It seemed wrong to go to Tennessee and not go somewhere that made whiskey. Since we were in Tennessee, why not go where they make Tennessee whiskey. And of course the most famous of Tennessee whiskey makers is Jack Daniels.
Now I don’t really like the taste of whiskey I will admit. Well, I don’t like straight whiskey. I love Lynchburg Lemonade, Whiskey Sours, etc. I love it in baked goods. I love the smell of it. I just don’t want it straight up. MDP on the other hand is pro all forms of whiskey. So he was all for my suggestion of touring the Jack Daniels Distillery.
We were both whole heartedly impressed with people and the operation. So much whiskey from so few employees….employees who have worked there forever. Our tour guide (who also is a whiskey taster when he isn’t doing tours) is a newbie to Jack Daniels with just 10 years under his belt.
It’s an informative and fun tour and takes about an hour (or an hour and 45 minutes for the extended tour).
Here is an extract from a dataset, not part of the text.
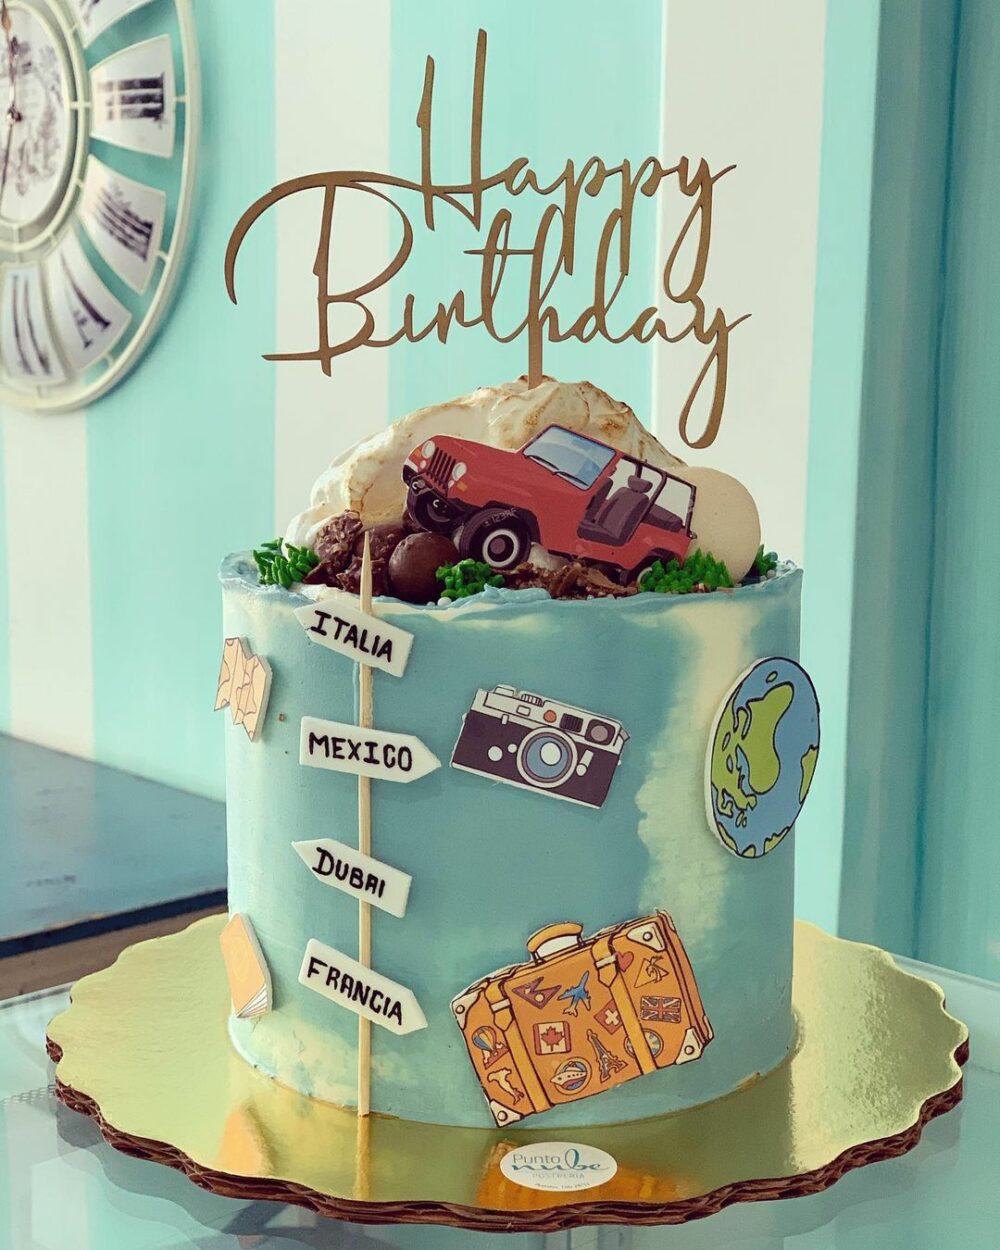 Share your warmest birthday wishes with the people you care about by giving them this travel themed cake.

You have two options for tours regular which is free or for $10 a person you can go on an extended tour which involves a little sampling. I’ll let you decide which option we went with.
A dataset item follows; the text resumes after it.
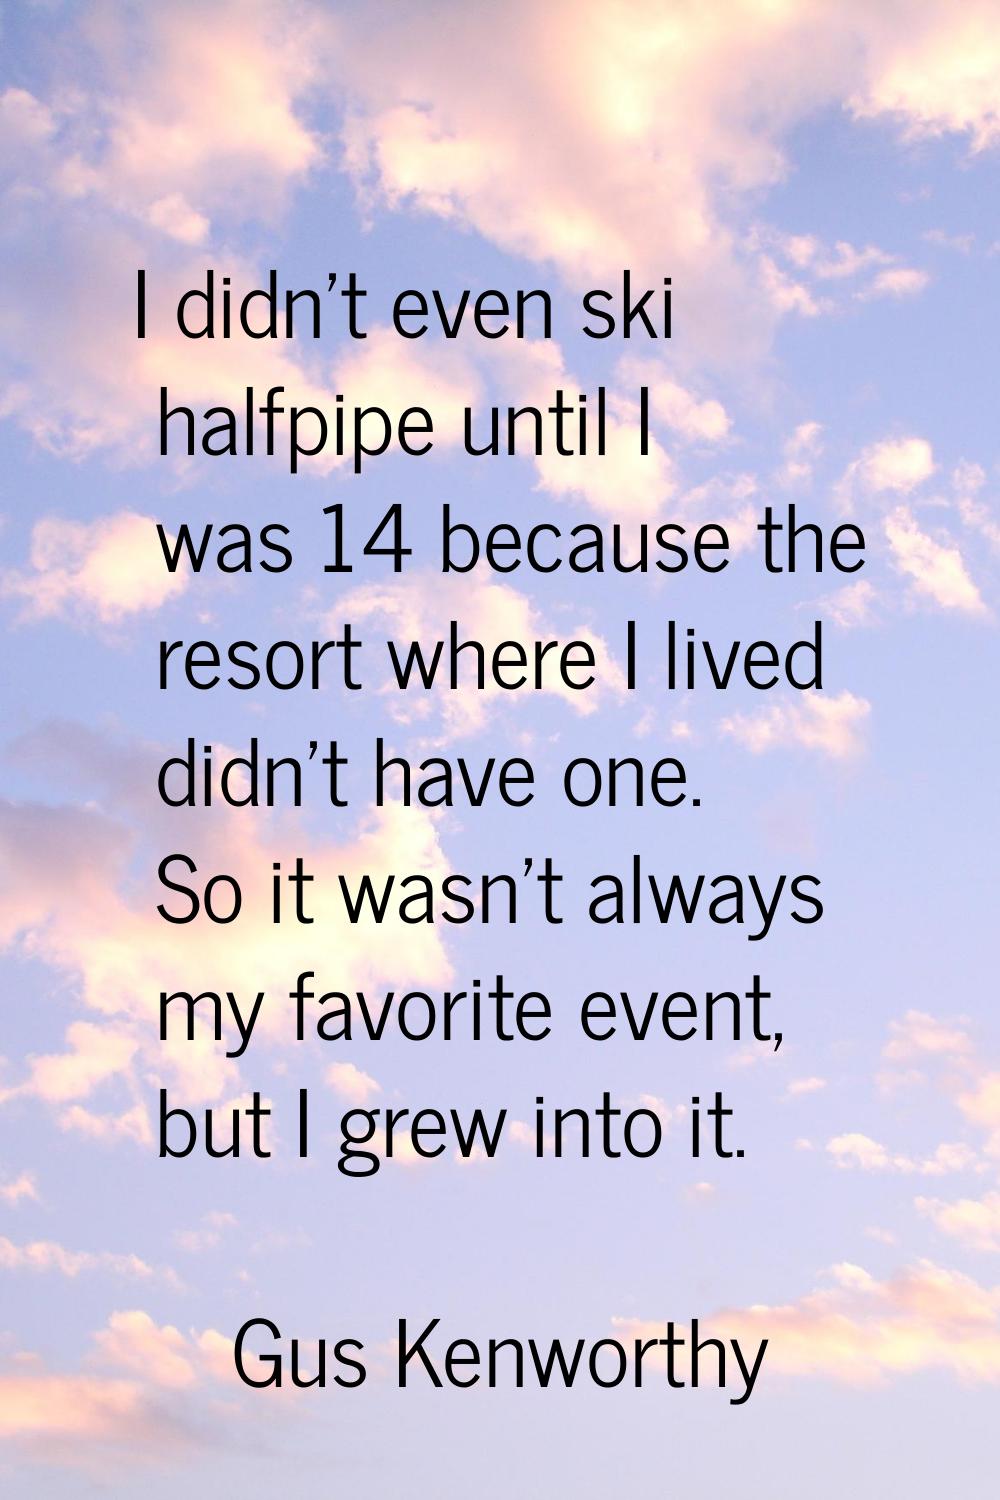 I didn't even ski halfpipe until I was 14 because the resort where I lived didn't have one. So it w

Things I didn’t know: They make their own charcoal from burning sugar maple…daily, which was cool to watch. Their water source, which they have used the whole time they’ve been making whiskey flows out of a cave on the property. Jack Daniels injured his toe on his safe which caused an infection which eventually lead to his death of blood poisoning. Once a month on a Friday they have role call at work in which they offer free whiskey to do a head count. Smart.
To honor our trip to the distillery I made some Tennessee Whiskey Caramel Sauce. You will want to make it just because but also because the recipe that comes up on the blog after this post uses it as well. If you are really wanting whiskey flavor you can skip the ¼ cup water and just do a full ½ cup of whiskey. This is great on just about anything…including just sitting there with a spoon.
- 2 cups granulated sugar
- ¼ cup water
- ¼ cup whiskey (I used Jack Daniels)
- 1 tsp. fresh lemon juice
- 2 cups heavy cream
- ½ tsp salt
- Combine the sugar, water, whiskey, and lemon juice in a heavy bottomed saucepan over medium heat. Cook, gently swirling the pan occasionally, until the sugar dissolves and starts to turn color.
- Increase the heat to thigh and boil until the syrup turns a deep amber color, 4 to 5 minutes.
- Watch carefully, as it can burn quickly.
- Immediately remove the pan from the heat and pour in the cream and salt.
- Use a long-handled wooden spoon to carefully stir in the cream, as caramel has a tendency to hiss and splash as the cold cream hits it.
- Place the pan over low heat and cook, stirring constantly, until the caramel thickens, 5 to 7 minutes.
- The mixture should be the consistency of very thick cream. Let boiling sauce cool until it is just warm before serving.
- To store, cover and refrigerate for up to 1 week.
- To reheat the sauce, microwave, uncovered, for about 1 minutes on high. Stir until smooth.